- Opening Delimiter -

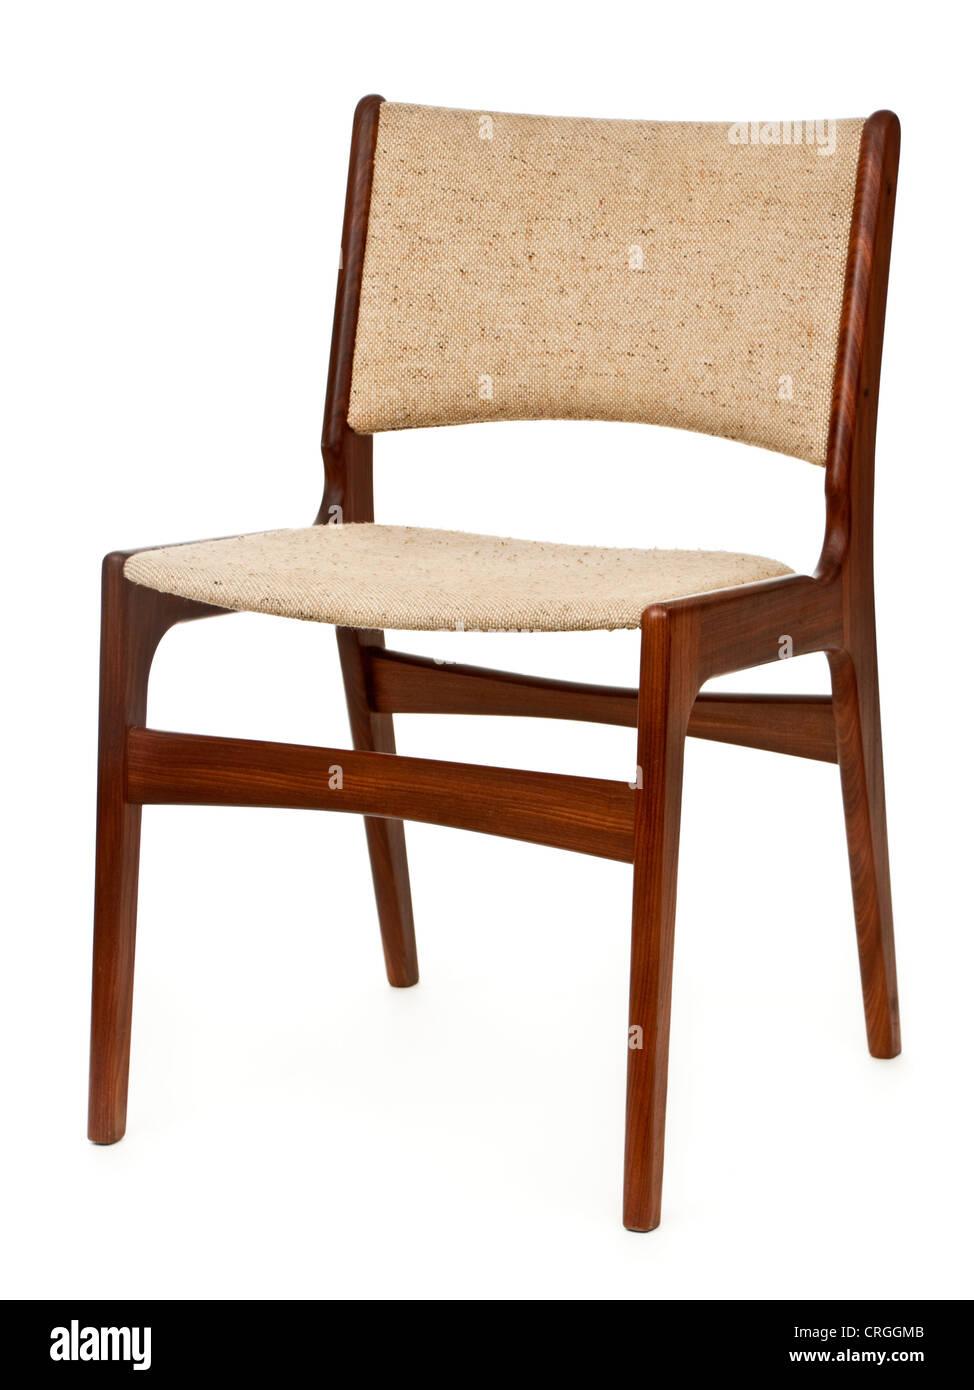 Vintage Danish modernist solid teak dining chair - Vintage Danish Modernist Solid Teak Dining Chair Stock Photo
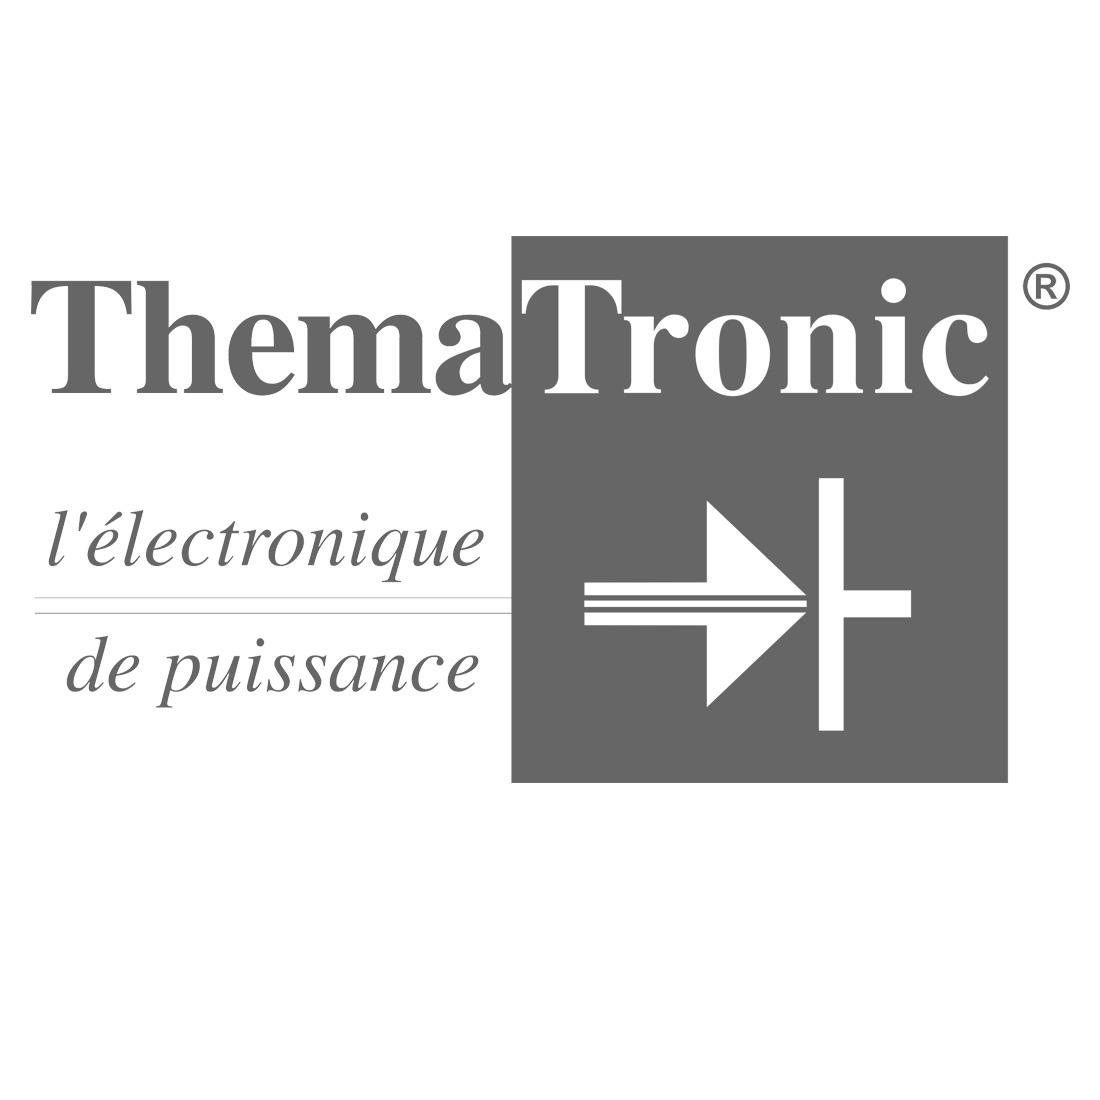 agence-comunication-lyon-thematronic
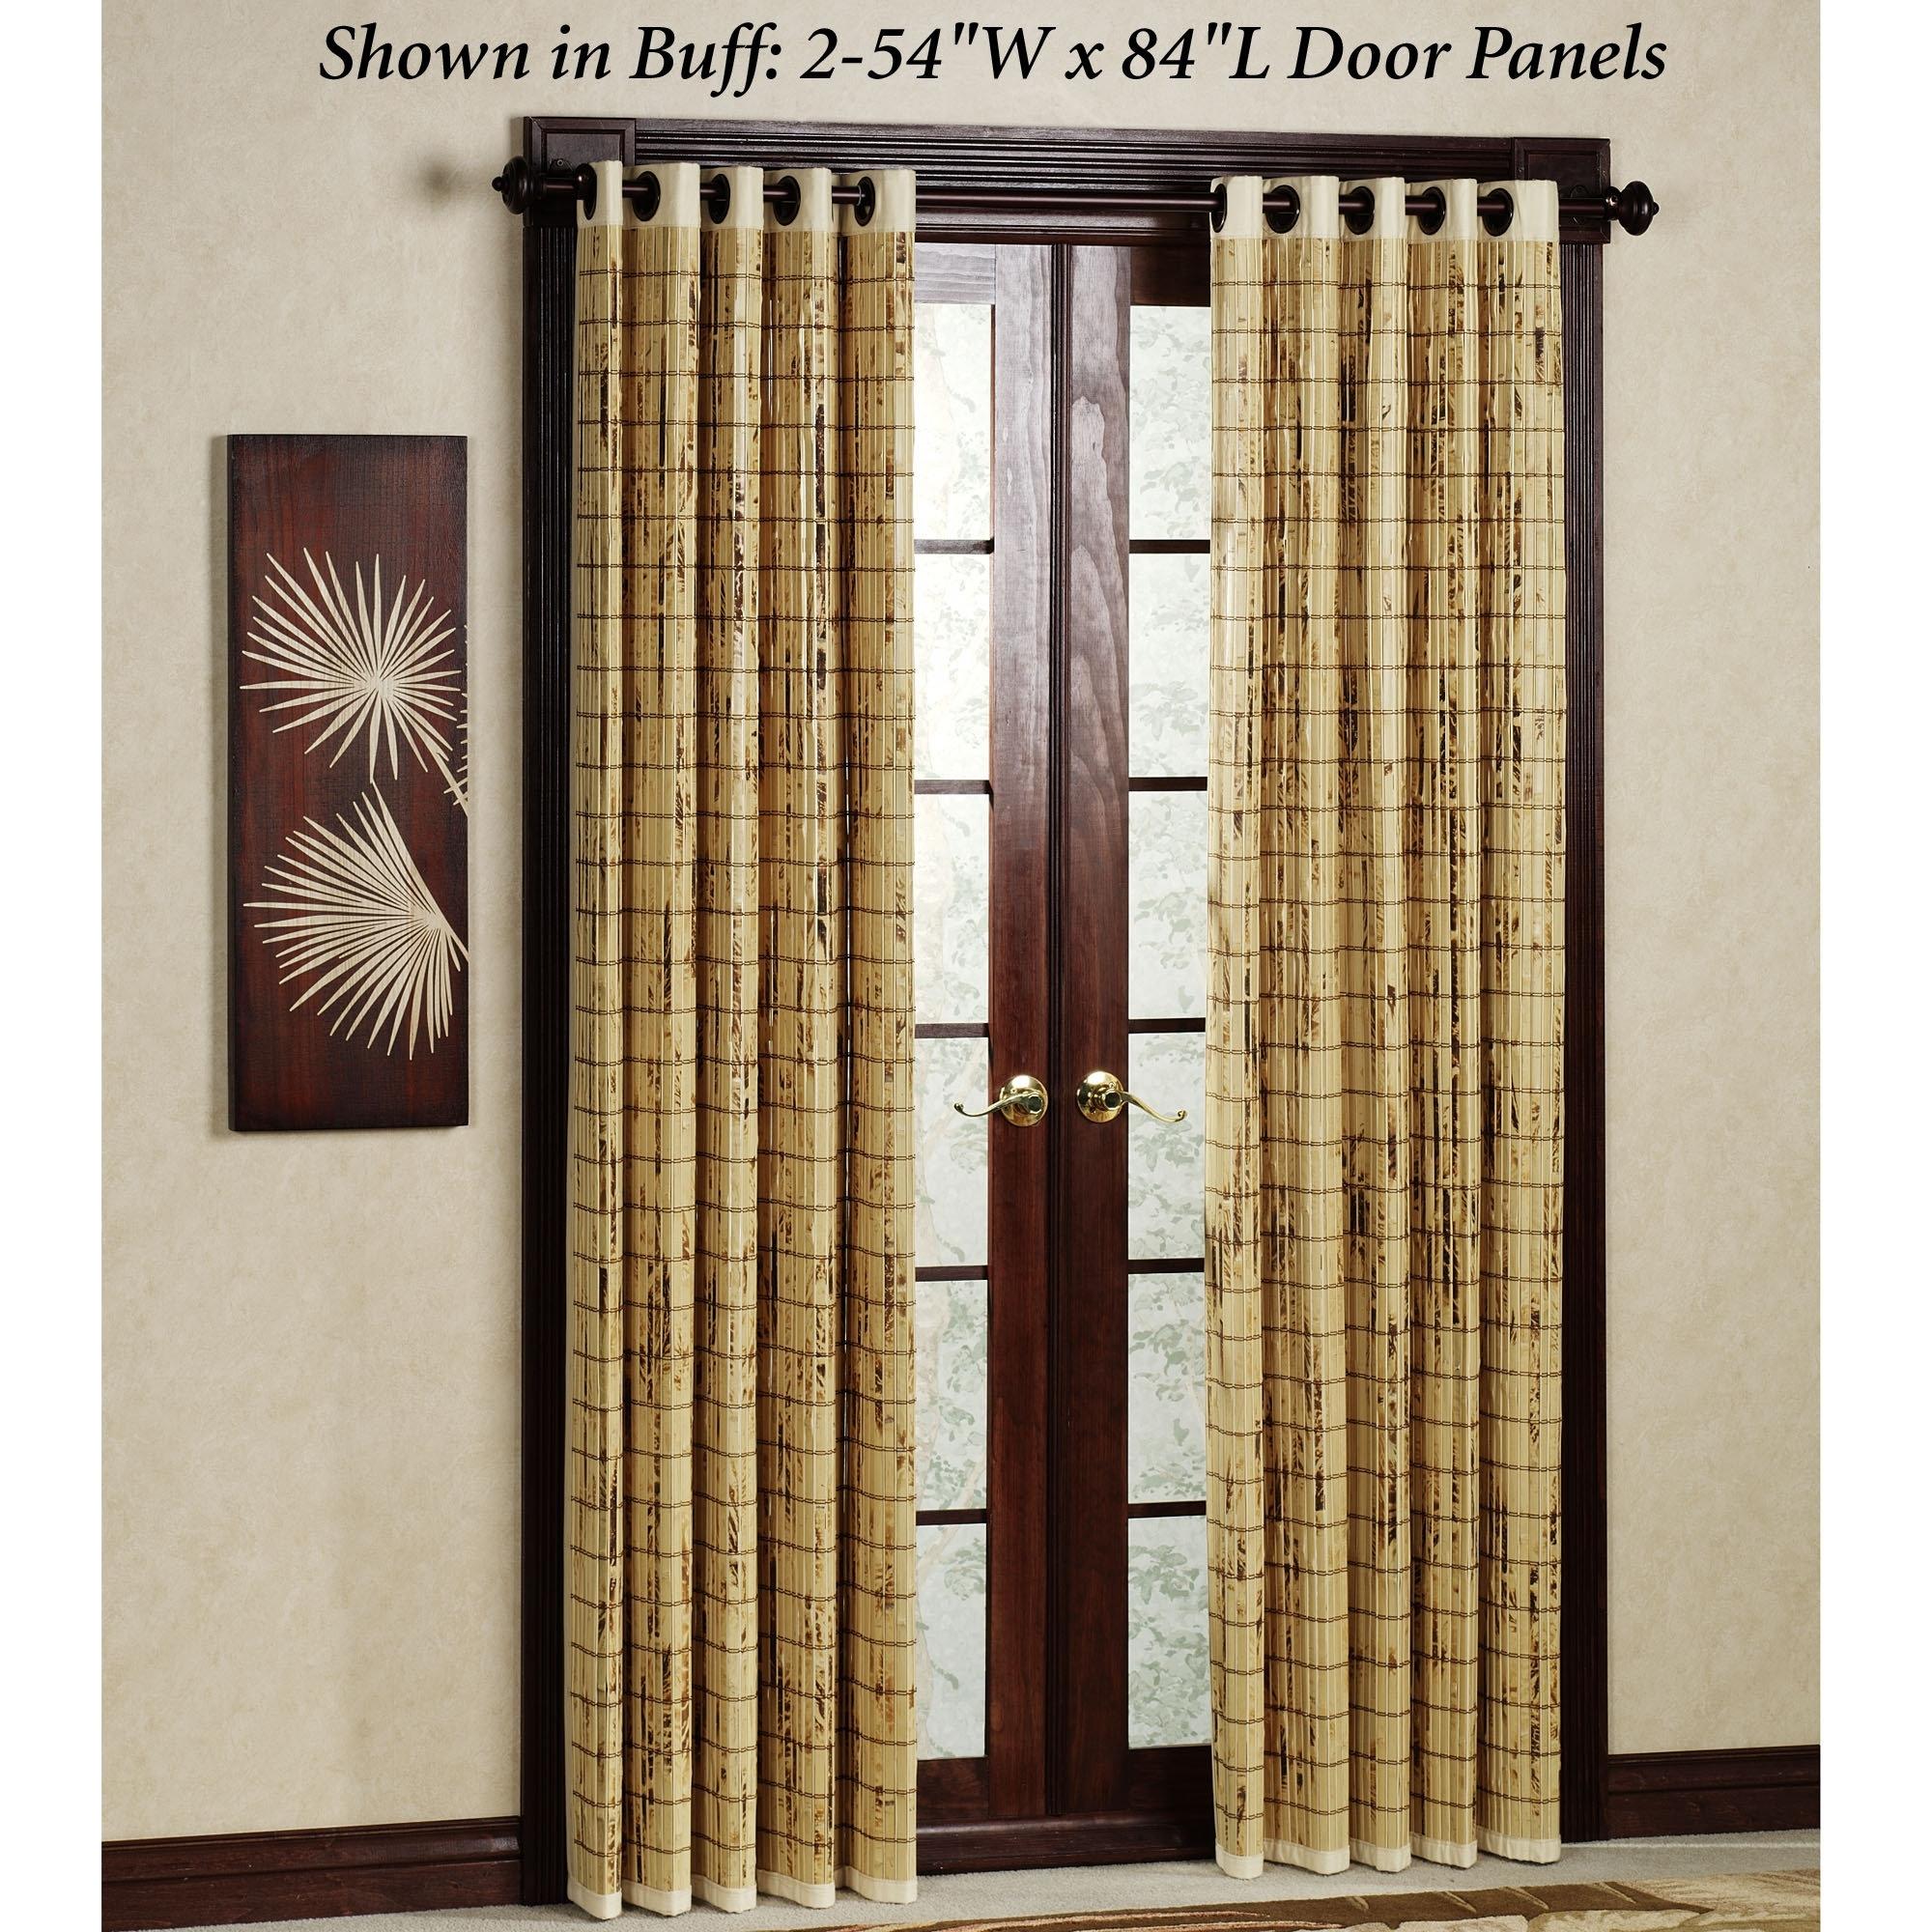 Bamboo Sliding Panels For Patio Doorsbamboo sliding panels for patio doors sliding doors design

- Closing Delimiter -

■ INSTRUCTIONS FOR THE TASK ■
Return each line above exactly; any pictures are to be skipped.

■ RESULT OF THE TASK ■
 Vintage Danish modernist solid teak dining chair - Vintage Danish Modernist Solid Teak Dining Chair Stock Photo
 agence-comunication-lyon-thematronic
 Bamboo Sliding Panels For Patio Doorsbamboo sliding panels for patio doors sliding doors design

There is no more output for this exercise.